Market Roundup
- GBP/USD -1.05%, USD/JPY -0.8%, EUR/USD -0.02%
- DXY +0.03%, DAX -0.15%, Iron +2.1%, Brent -2.2%
- Germany Jun Service PMI 53.7 vs 53.2 previous, 53.2 exp
- Eurozone Jun Final Service PMI 52.8 vs 52.4 previous, 52.4 exp
- UK Jun Service PMI 52.3 vs 53.5 previous, 52.7 exp
- EU’s Weber-London in relative chaos
- UK BoE Current outlook for financial stability is challenging
- BoE Some Brexit risks starting to crystallise
- BoE reduces counter cyclical buffers to zero pct
- BoE Lower ccb will reduce capital buffers by 5.7 Bln Stg
- UK Standard Life Inv says suspended trade in its UK real estate fund
- UK turns to private sector for Brexit talks.
- 'Britain seeks consultants to bridge trade negotiator gap with Brussels
- UK Finance ministry says no FX intervention in June
- EZ May retail Sales 1.6% y/y vs 1.4% previous, 1.6% exp
- BoE Gov Carney to kick-off policy easing Tuesday.
- YouGov/CEBR - Pessimism among UK businesses almost doubles after EU vote
- RBA leaves OCR as is at 1.75%, inflation quite low
- RBS Infl to remain low for some time, AUD could complicate economic rebalancing
- Japan GPIF’s stock-heavy portfolio takes hit from Brexit turmoil
- Japan June services PMI 49.4, in contraction, vs May 51.2
- China June Caixin services PMI up to 52.7, 11-month high
- Chinese Premier Li says it’s not easy to achieve 6.7% GDP growth
- China has more room to fine tune monetary policy ibn H2 – China Sec Journal
Economic Data Ahead
- (1000 ET/1400 GMT) The Commerce Department is likely to report that new orders for U.S. factory goods for May declined by 1.0 percent, contradicting to a rise of 1.9 percent in April, the biggest increase in six months.
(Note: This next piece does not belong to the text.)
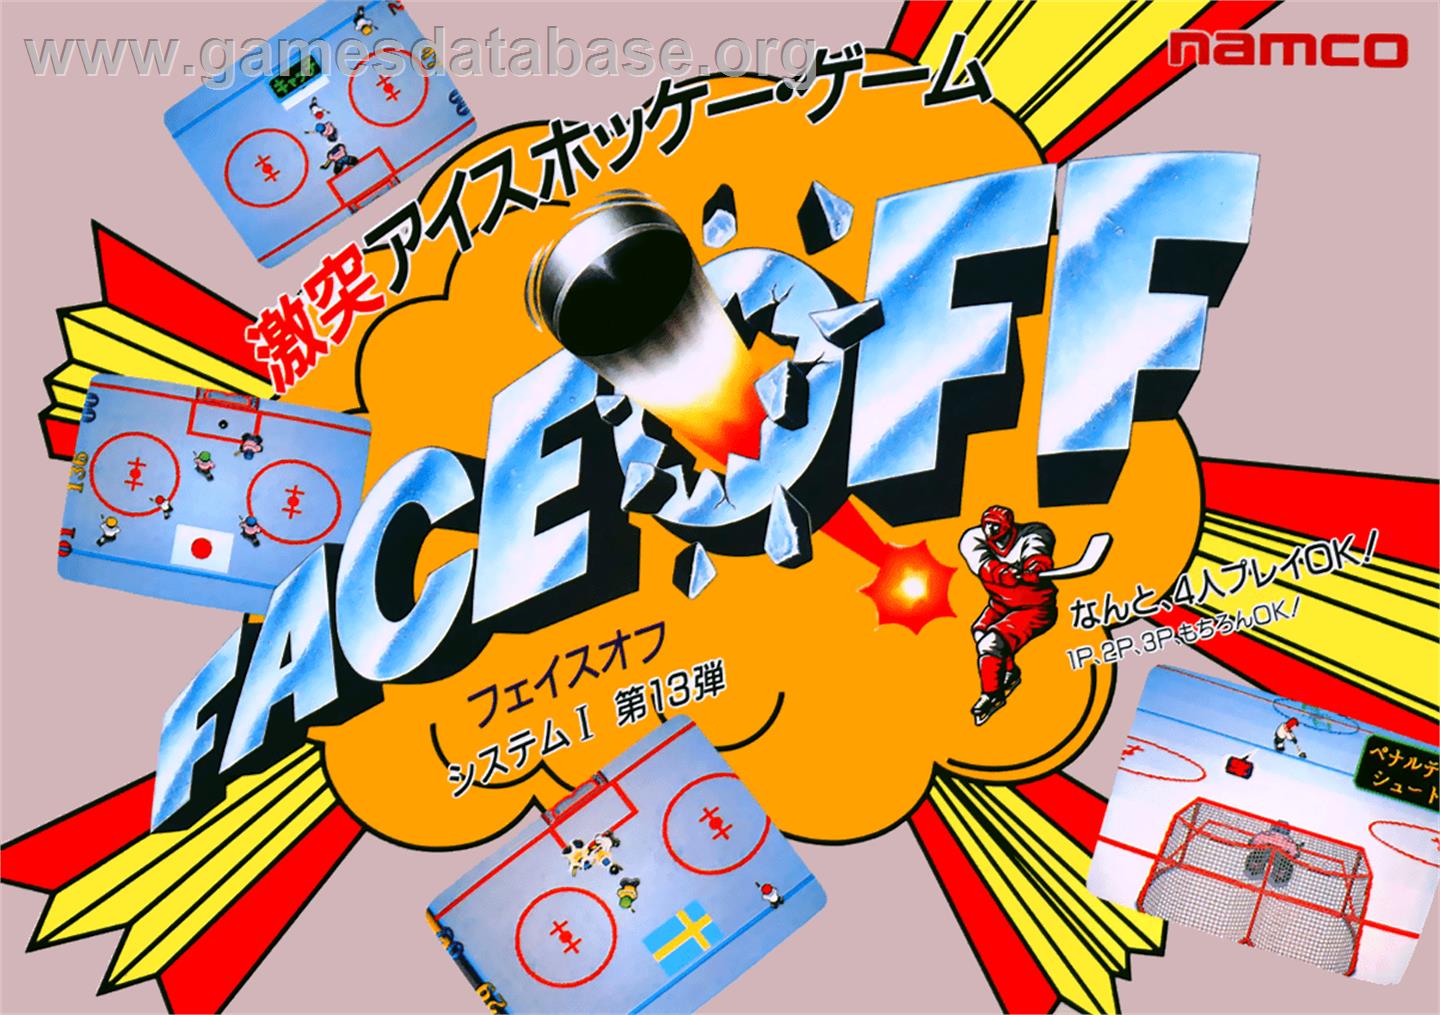 Face Off - Arcade - Artwork - Advert

- (1000 ET/1400 GMT) The Investor's Business Daily (IBD)/ TechnoMetrica Institute of Policy and Politics (TIPP) will release its Economic Optimism for the month of July. The indicator stood at 48.2 in the prior month.
- (1901 ET/2301 GMT) The British Retail Consortium (BRC) will report its Shop Price Index for the month of June. The index posted a decline of 1.8 percent in the previous month.
Key Events Ahead
- (1145 ET/1545 GMT) FedTrade ops 30-yr Fannie Mae/Freddie Mac max $2.125 bln.
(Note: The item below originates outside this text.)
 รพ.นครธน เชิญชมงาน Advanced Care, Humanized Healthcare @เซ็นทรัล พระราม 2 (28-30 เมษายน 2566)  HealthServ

- (1430 ET/1830 GMT) Fed President William Dudley is scheduled to participate in a roundtable with the Greater Binghamton Chamber of Commerce.
- N/A The European Commission will propose a simple approval procedure for a planned EU-Canada trade deal in a bid to speed up the adoption of an agreement seen as controversial in many EU capitals.
FX Beat
USD: The dollar index, against a basket of currencies trades edged up to 95.61, hovering towards an early high of 95.70.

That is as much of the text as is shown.